Gazella: Yeah. And I think sometimes when a substance such as fish oil and these essential fatty acids have multiple effects, and can do so much good on so many levels, there's almost a tendency to be a bit suspicious. But it seems—
Hoffman: Right. One of the "too good to be true" phenomenon. It sounds like a panacea. So that tends to induce a little bit of doubt.
Gazella: Exactly. So I think that that's when integrative doctors like yourself and our listeners look to the science. So I'd like to talk a little bit about the science as it relates to the practical use in clinical practice. So which conditions in clinical practice will positively and confidently be impacted by essential fatty acid consumption?
Hoffman: Well, let's start with the controversy, which is about cardiovascular health. And this really dates back to studies of Greenland Eskimos, which showed a near absence of cardiovascular disease. And so then that sort of triggered the gold rush for fish oil supplementation because they thought, well they consume so much of that stuff, this is going to protect the hearts of normal folks in the West.

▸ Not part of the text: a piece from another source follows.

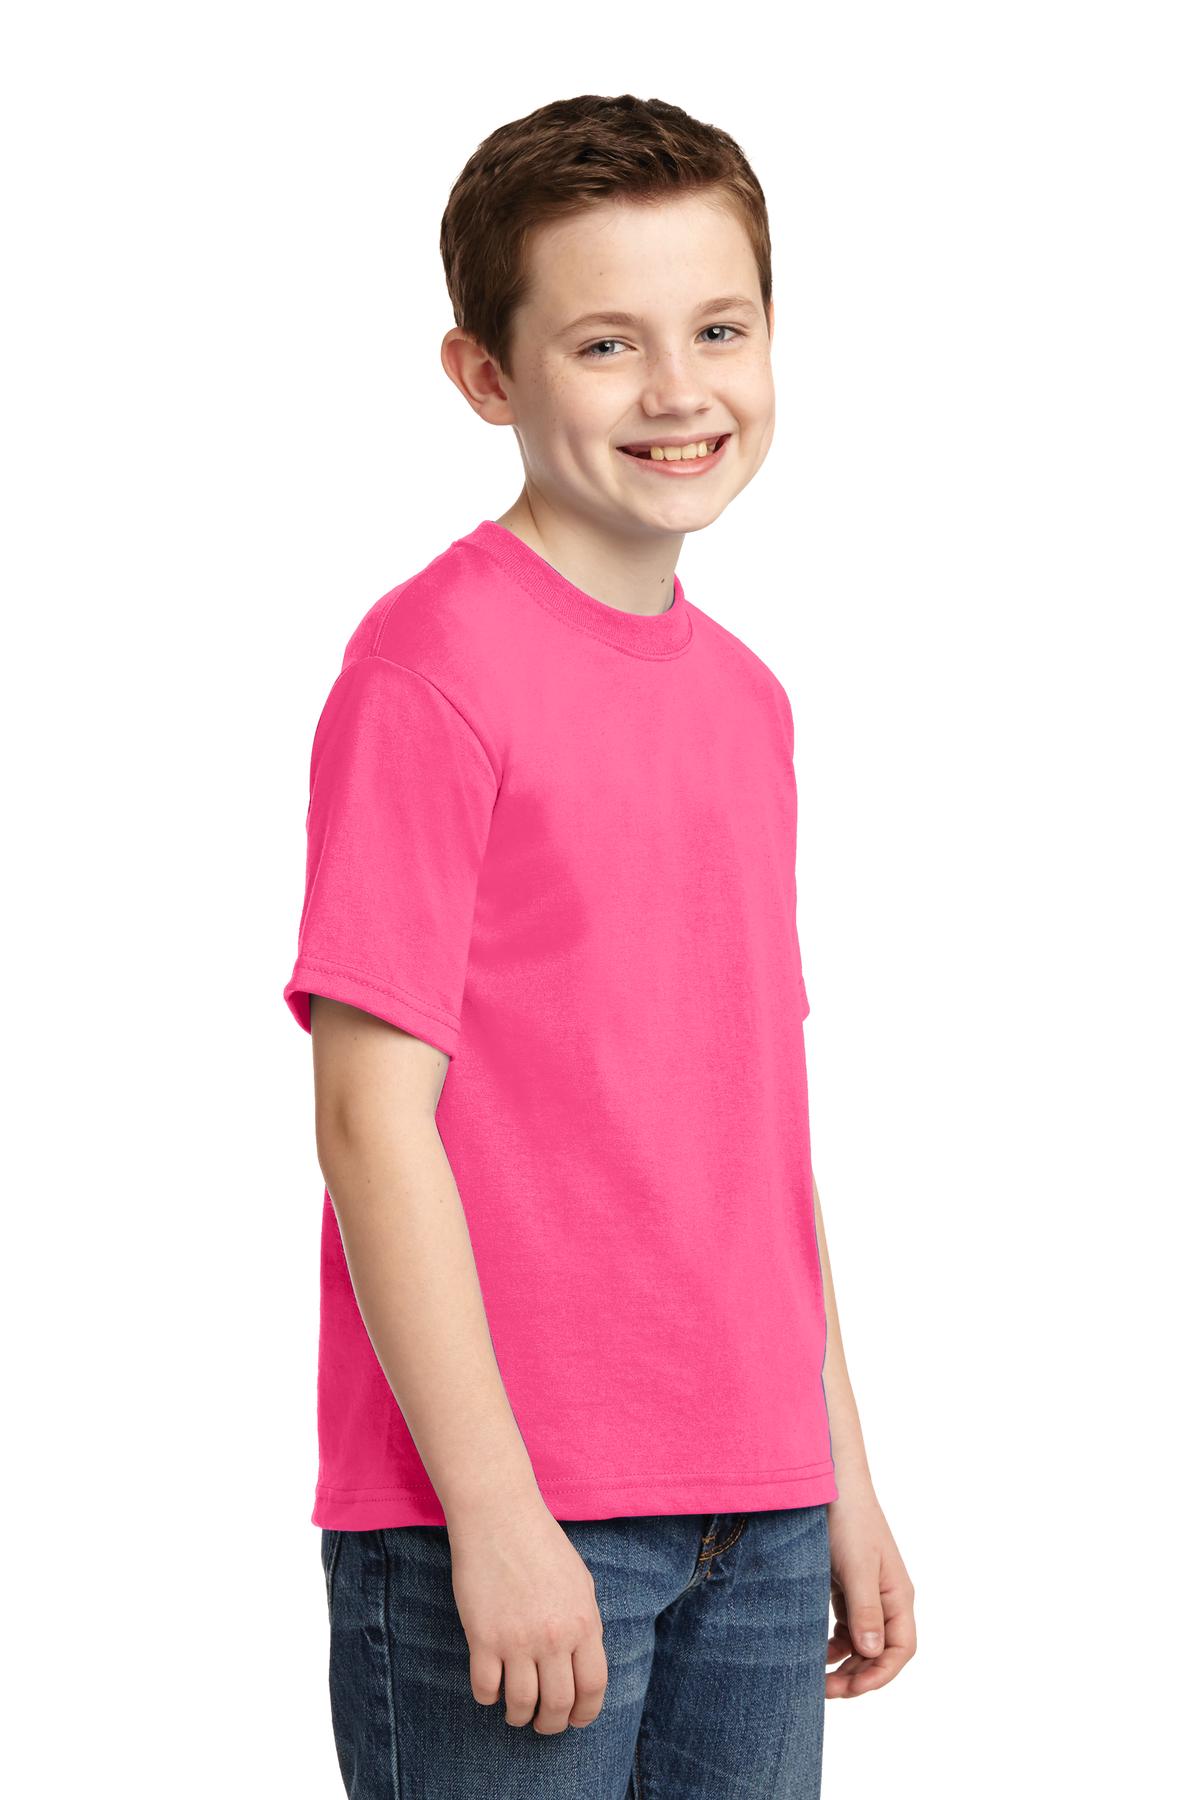 Jerzees - Youth Dri-Power 50/50 Cotton/Poly T-Shirt. 29B - Neon Pink

Lately there's been a lot of blow back against that because, for example, the Cochrane Collaborative has ruled that there is no definitive evidence that fish oil supplementation has heart benefits. But I got to say I critique some of those conclusions because a lot of the studies that show no benefit from fish oil are done with very low doses of fish oil supplements, a capsule or 2 of fish oil of unclear quality.
Also, often when we test fish oil for cardiovascular disease, we have people really tanked up on medication. They're on aspirin, they're on statins. Maybe that will blunt the benefit of the fish oil. And also it may be that fish oil is very preventative against cardiovascular disease, and we'll see the benefits if we do a 20- or 30-year study. But if we take very sick people who are near end stage when it comes to cardiovascular outcomes, we're not going to see that taking a fish oil capsule to 2 is going to make a difference.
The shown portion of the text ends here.